Reason for call only non-escaping parameter


(Dimitri Racordon) #1

Hi everyone,

I failed to find the reason why Swift does not allows a non-escaping parameter to be assigned to a local variable. Here is a minimal example:

func f(_ closure: () -> Int) {
    let a = closure
}

I do understand that assigning a non-escaping closure to a variable whose lifetime exceeds that of the function would (by definition) violate the non-escaping property. For instance, doing that is understandably illegal:

var global = { 0 }
func f(_ closure: () -> Int) {
    global = closure
}

But in my first example, since `a` is stack allocated, there’s no risk that `closure` escapes the scope of `f`.

Is there some use case I’m missing, where such assignment could be problematic?
Or is this a limitation of the compiler, which wouldn't go all the way to check whether the lifetime of the assignee is compatible with that of the non-escaping parameter may exceed that of the variable it is assigned to?

Thank you very much for your time and your answer.

Best,
Dimitri Racordon


(John McCall) #2

Examples like yours, where a non-escaping closure parameter has a new constant name bound to it, are supportable but rather pointless — as a programmer, why have two names for the same value? Examples that would be more useful, like assigning the closure into a local variable or allowing it to be used in a more complex expression (like ? :), complicate the analysis for non-escaping closures in a way that would significantly subvert their purpose.

John.

···

On May 31, 2017, at 12:21 PM, Dimitri Racordon via swift-dev <swift-dev@swift.org> wrote:
Hi everyone,

I failed to find the reason why Swift does not allows a non-escaping parameter to be assigned to a local variable. Here is a minimal example:

func f(_ closure: () -> Int) {
    let a = closure
}

I do understand that assigning a non-escaping closure to a variable whose lifetime exceeds that of the function would (by definition) violate the non-escaping property. For instance, doing that is understandably illegal:

var global = { 0 }
func f(_ closure: () -> Int) {
    global = closure
}

But in my first example, since `a` is stack allocated, there’s no risk that `closure` escapes the scope of `f`.

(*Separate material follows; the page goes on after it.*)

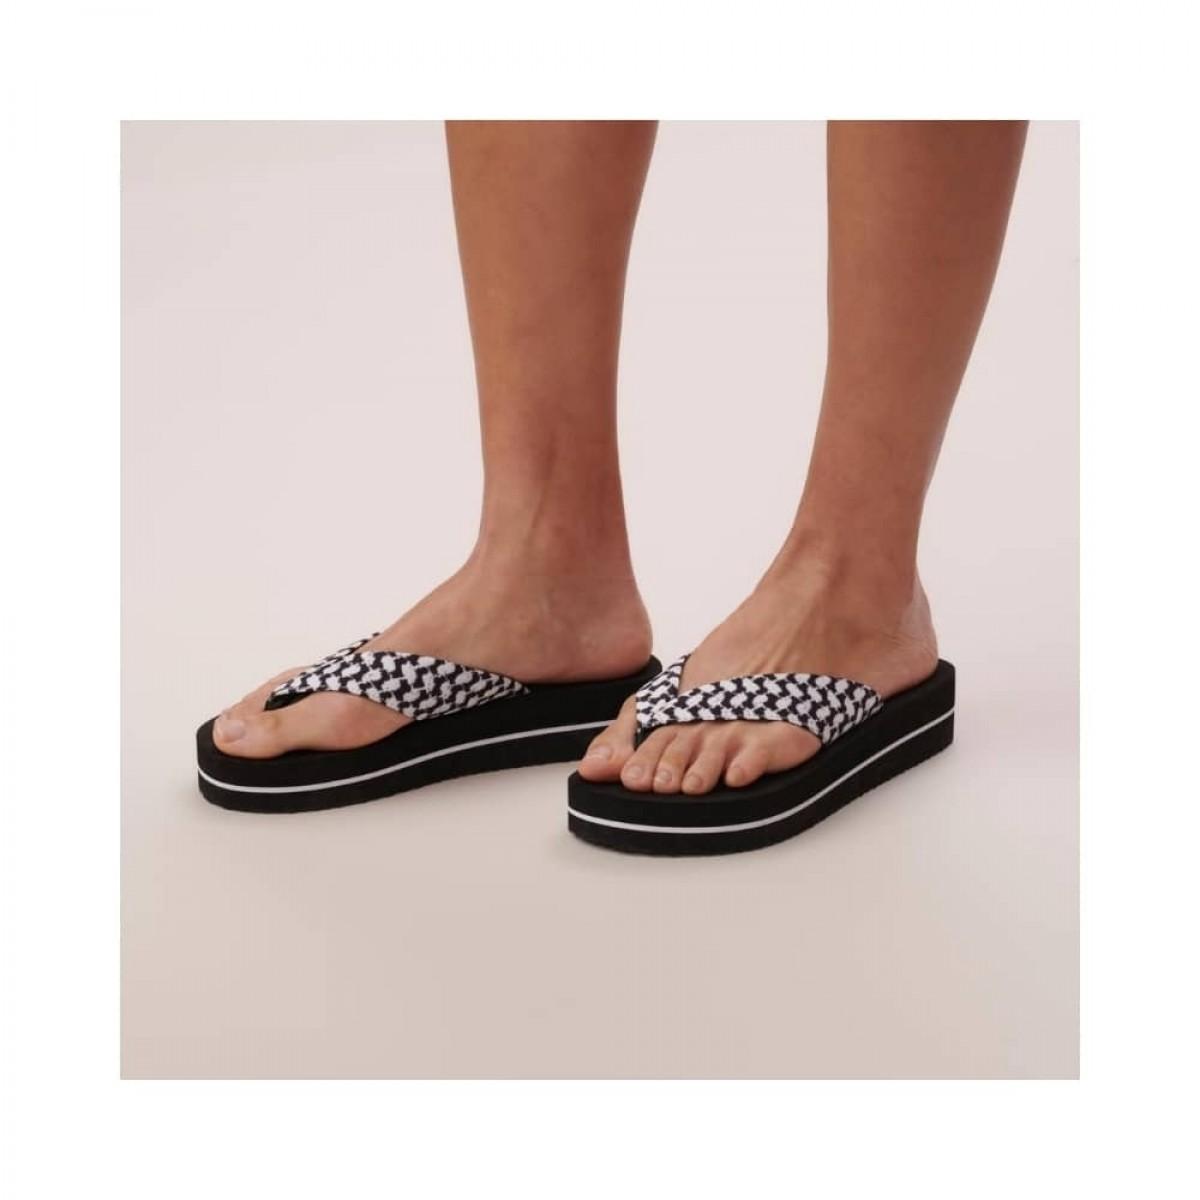 flip flops ally - black - model fra siden

Is there some use case I’m missing, where such assignment could be problematic?
Or is this a limitation of the compiler, which wouldn't go all the way to check whether the lifetime of the assignee is compatible with that of the non-escaping parameter may exceed that of the variable it is assigned to?

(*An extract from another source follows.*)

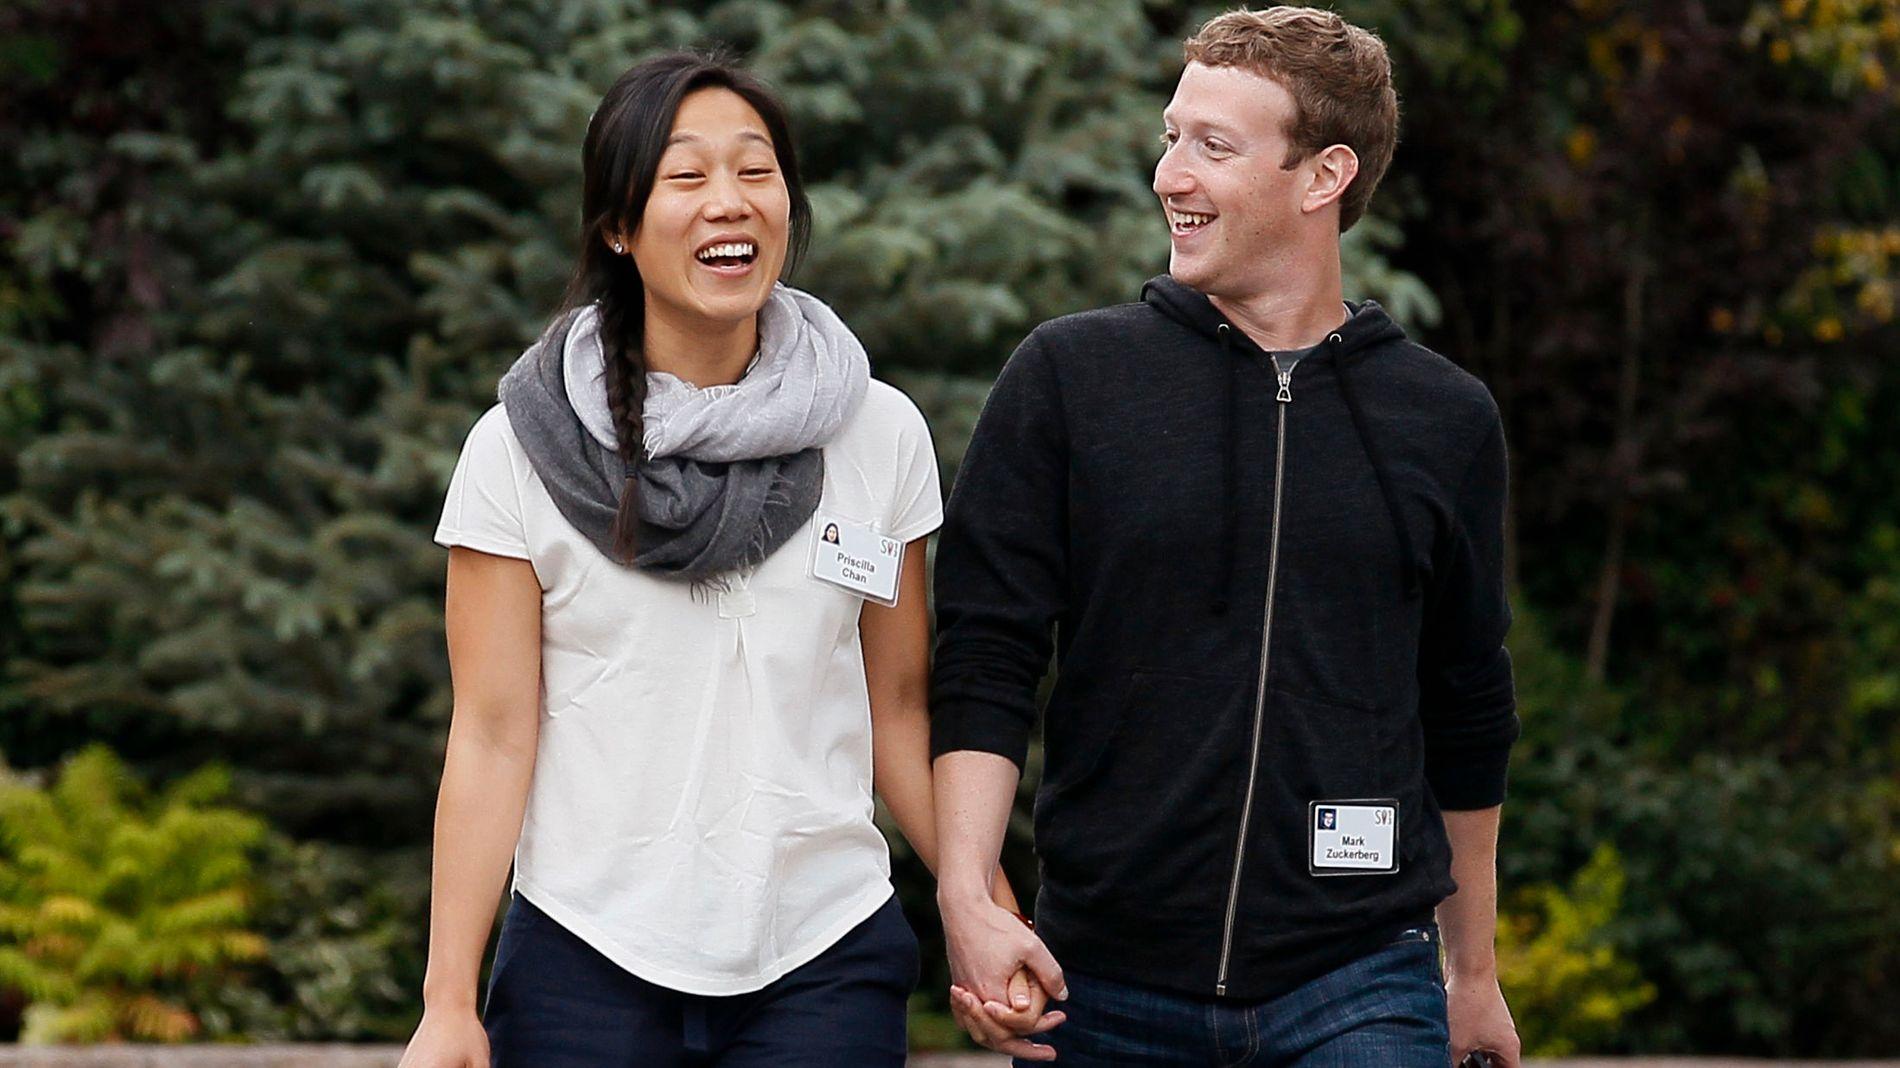 VENTER BARN: Facebook-sjef Mark Zuckerberg og hans kone Priscilla Chan har holdt følge siden 2003, og giftet seg i 2012. Nå venter paret sitt første barn.

Thank you very much for your time and your answer.


(Dimitri Racordon) #3

Thanks for your answer.

I agree that it may not be the most useful feature (although I’m sure we could find not-so-contrived yet useful use-cases). Anyway, I guess that discussion would rather belong to the evolution list :slight_smile:

I was more wondering if there were situations where such local assignments would have to be disallowed.

Best,
Dimitri

···

On 31 May 2017, at 22:10, John McCall <rjmccall@apple.com<mailto:rjmccall@apple.com>> wrote:

On May 31, 2017, at 12:21 PM, Dimitri Racordon via swift-dev <swift-dev@swift.org<mailto:swift-dev@swift.org>> wrote:
Hi everyone,

I failed to find the reason why Swift does not allows a non-escaping parameter to be assigned to a local variable. Here is a minimal example:

func f(_ closure: () -> Int) {
    let a = closure
}

I do understand that assigning a non-escaping closure to a variable whose lifetime exceeds that of the function would (by definition) violate the non-escaping property. For instance, doing that is understandably illegal:

var global = { 0 }
func f(_ closure: () -> Int) {
    global = closure
}

But in my first example, since `a` is stack allocated, there’s no risk that `closure` escapes the scope of `f`.

Is there some use case I’m missing, where such assignment could be problematic?
Or is this a limitation of the compiler, which wouldn't go all the way to check whether the lifetime of the assignee is compatible with that of the non-escaping parameter may exceed that of the variable it is assigned to?

Thank you very much for your time and your answer.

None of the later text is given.